Prompt =>
Practice item. Set the material below down again exactly, with no pictures.

___ Information provided ___

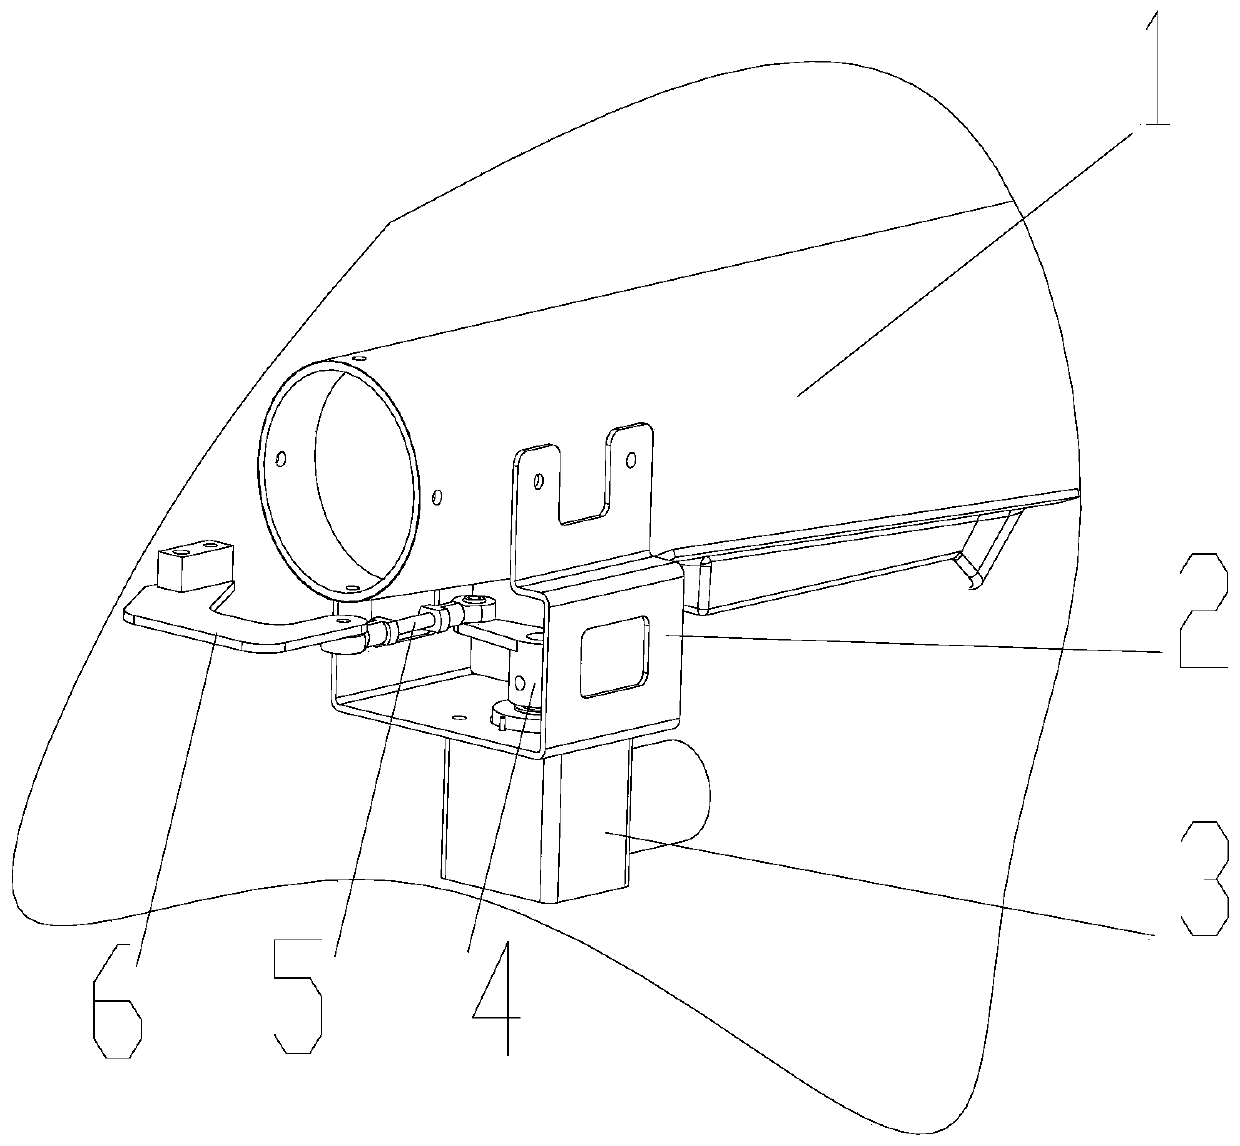 Tail vane refitting structure for refitting manned helicopter into aviation fire extinguishing device
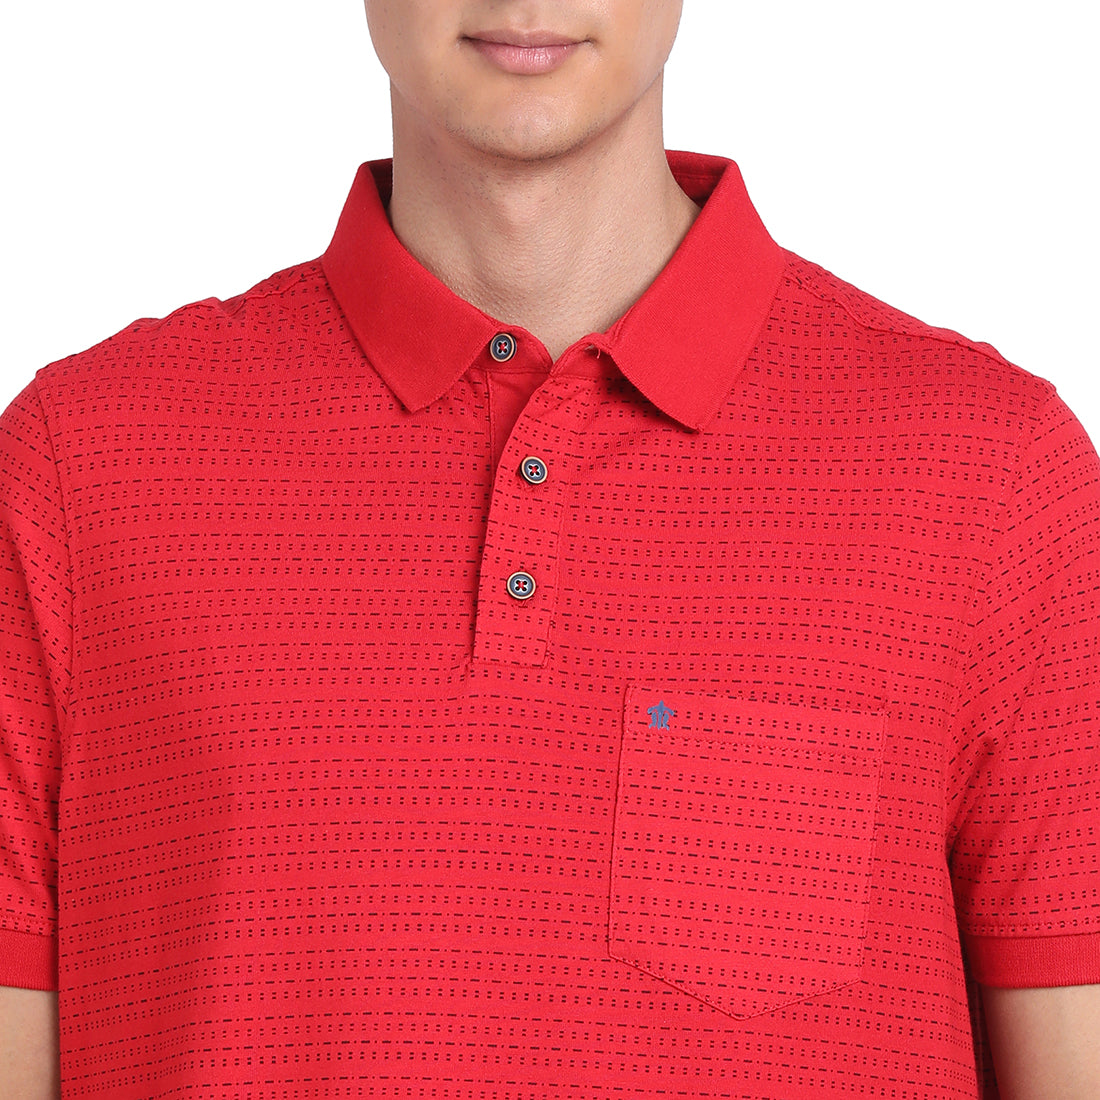 100% Cotton Red Dobby Polo Neck Half Sleeve Casual T-Shirt
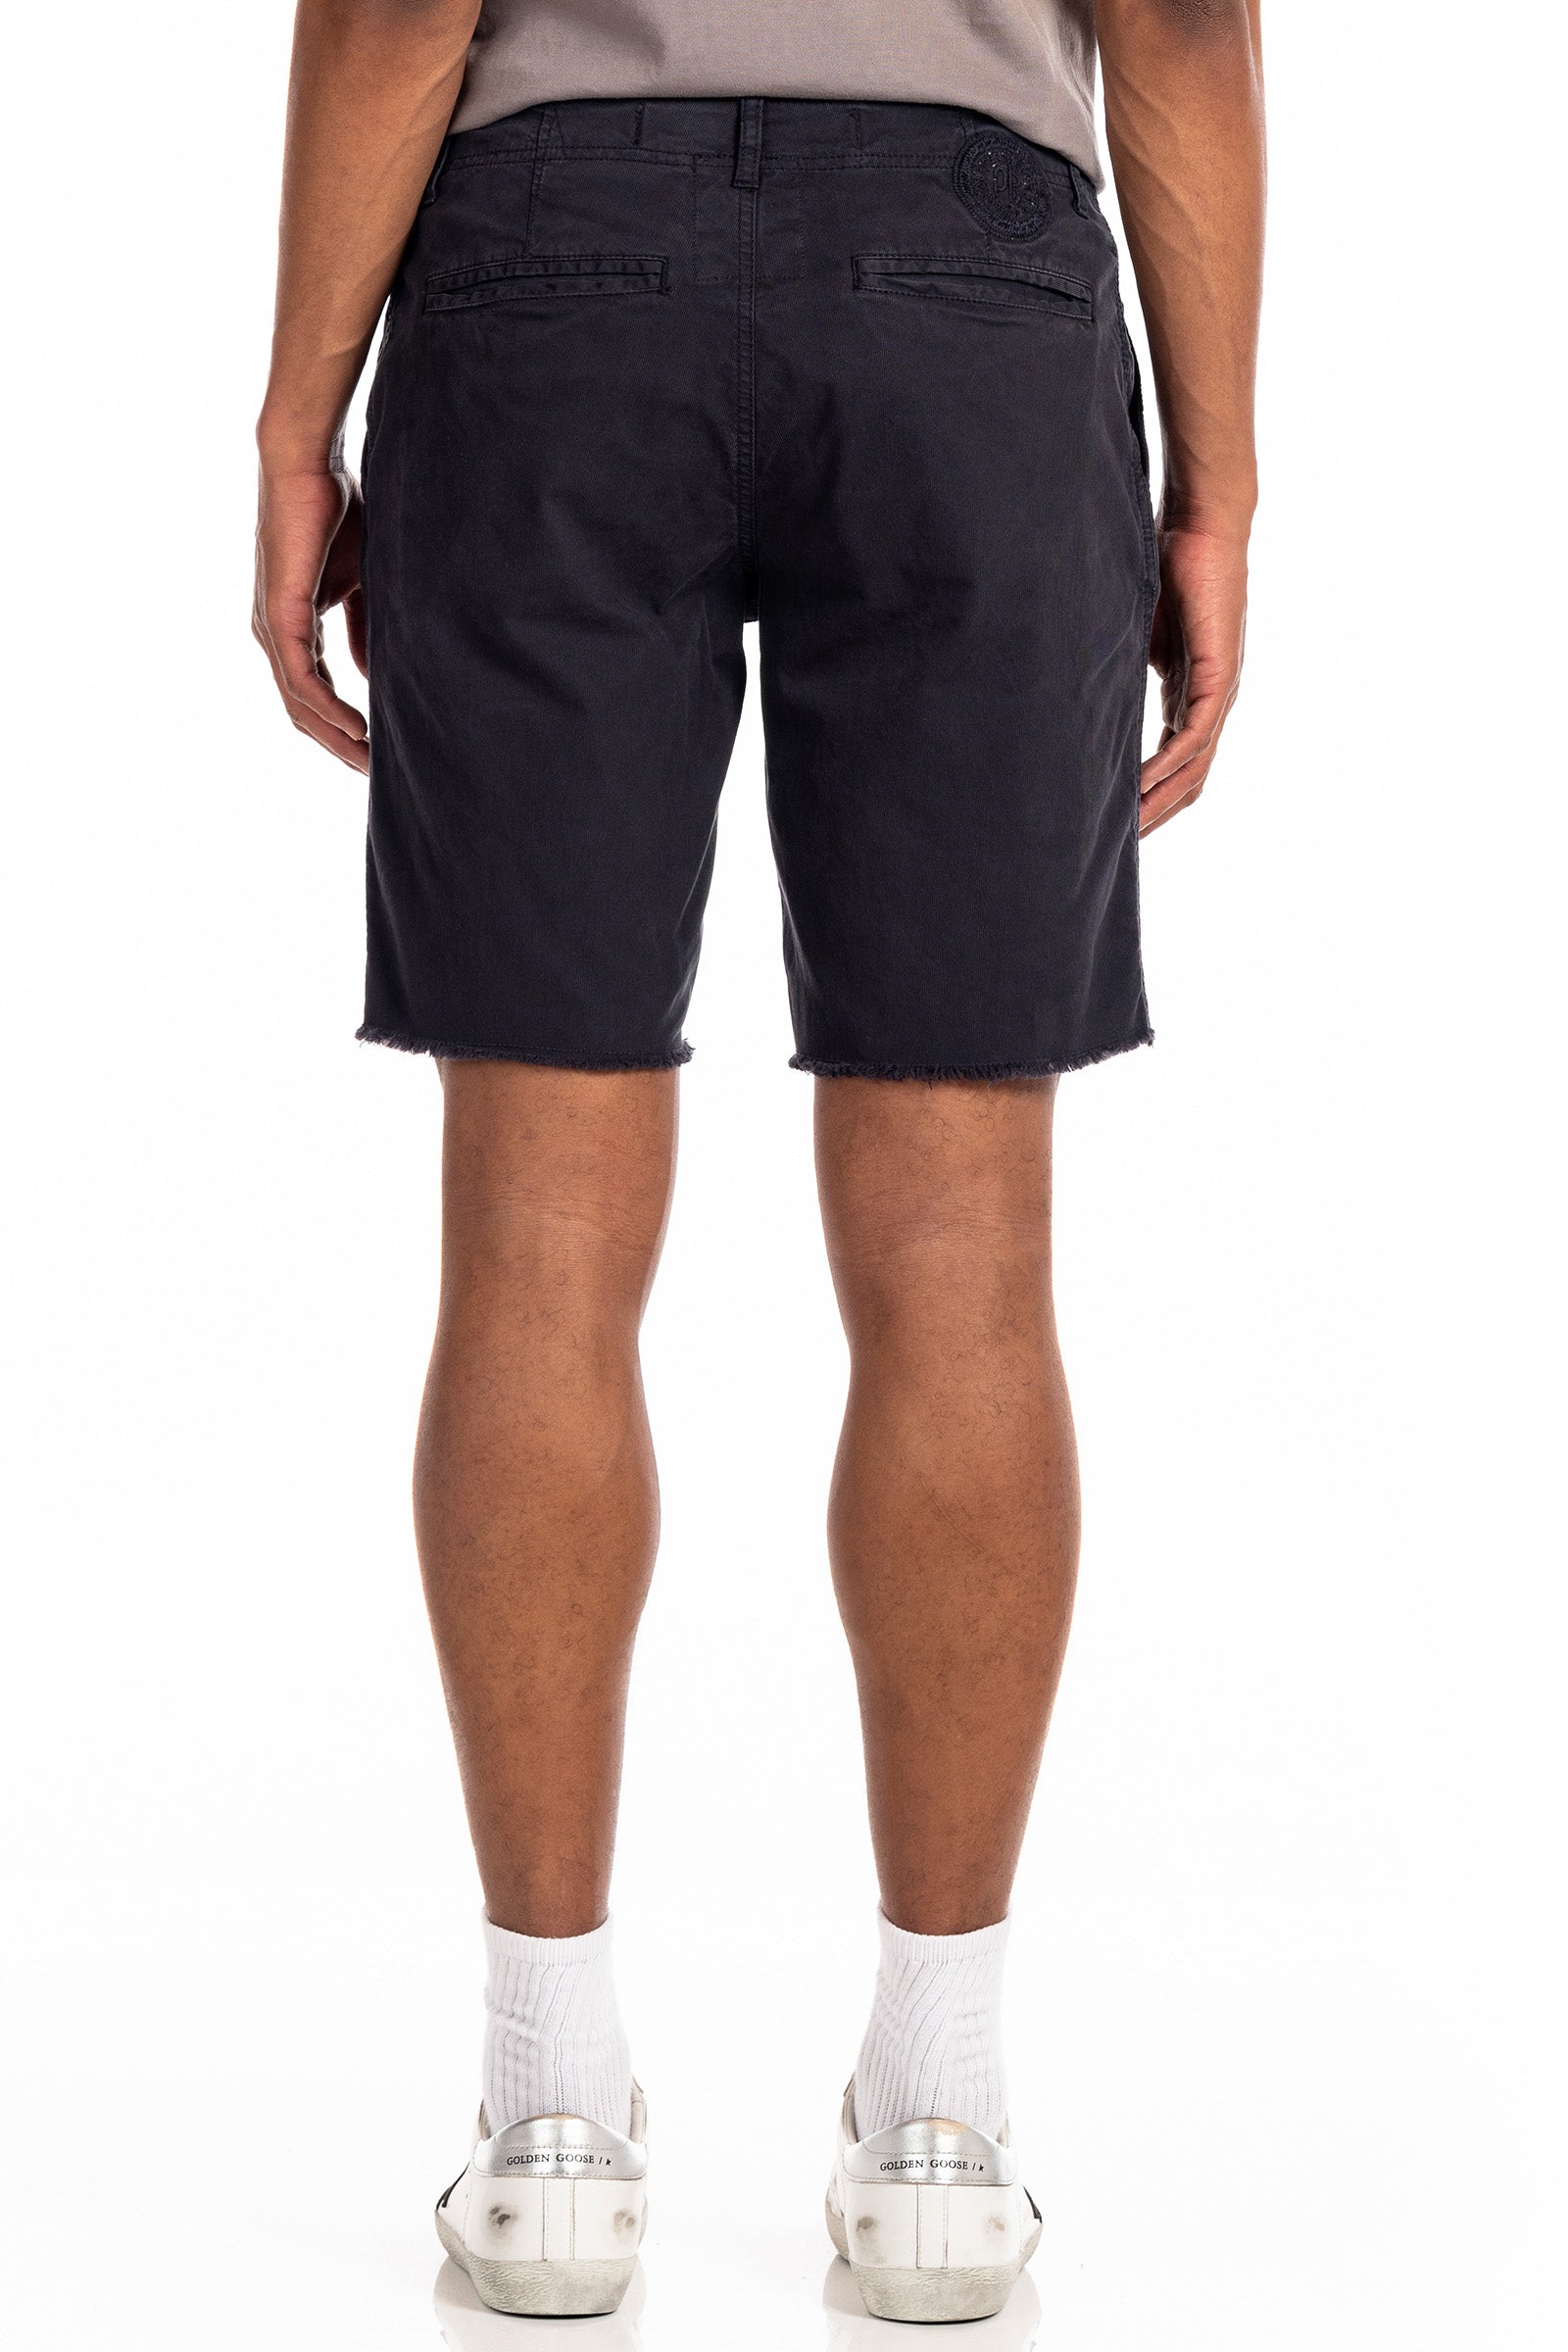 Original Paperbacks Brentwood Chino Short in Washed Black on Model Cropped Back View

___

Answer to this problem =>
 Tail vane refitting structure for refitting manned helicopter into aviation fire extinguishing device
 100% Cotton Red Dobby Polo Neck Half Sleeve Casual T-Shirt
 Original Paperbacks Brentwood Chino Short in Washed Black on Model Cropped Back View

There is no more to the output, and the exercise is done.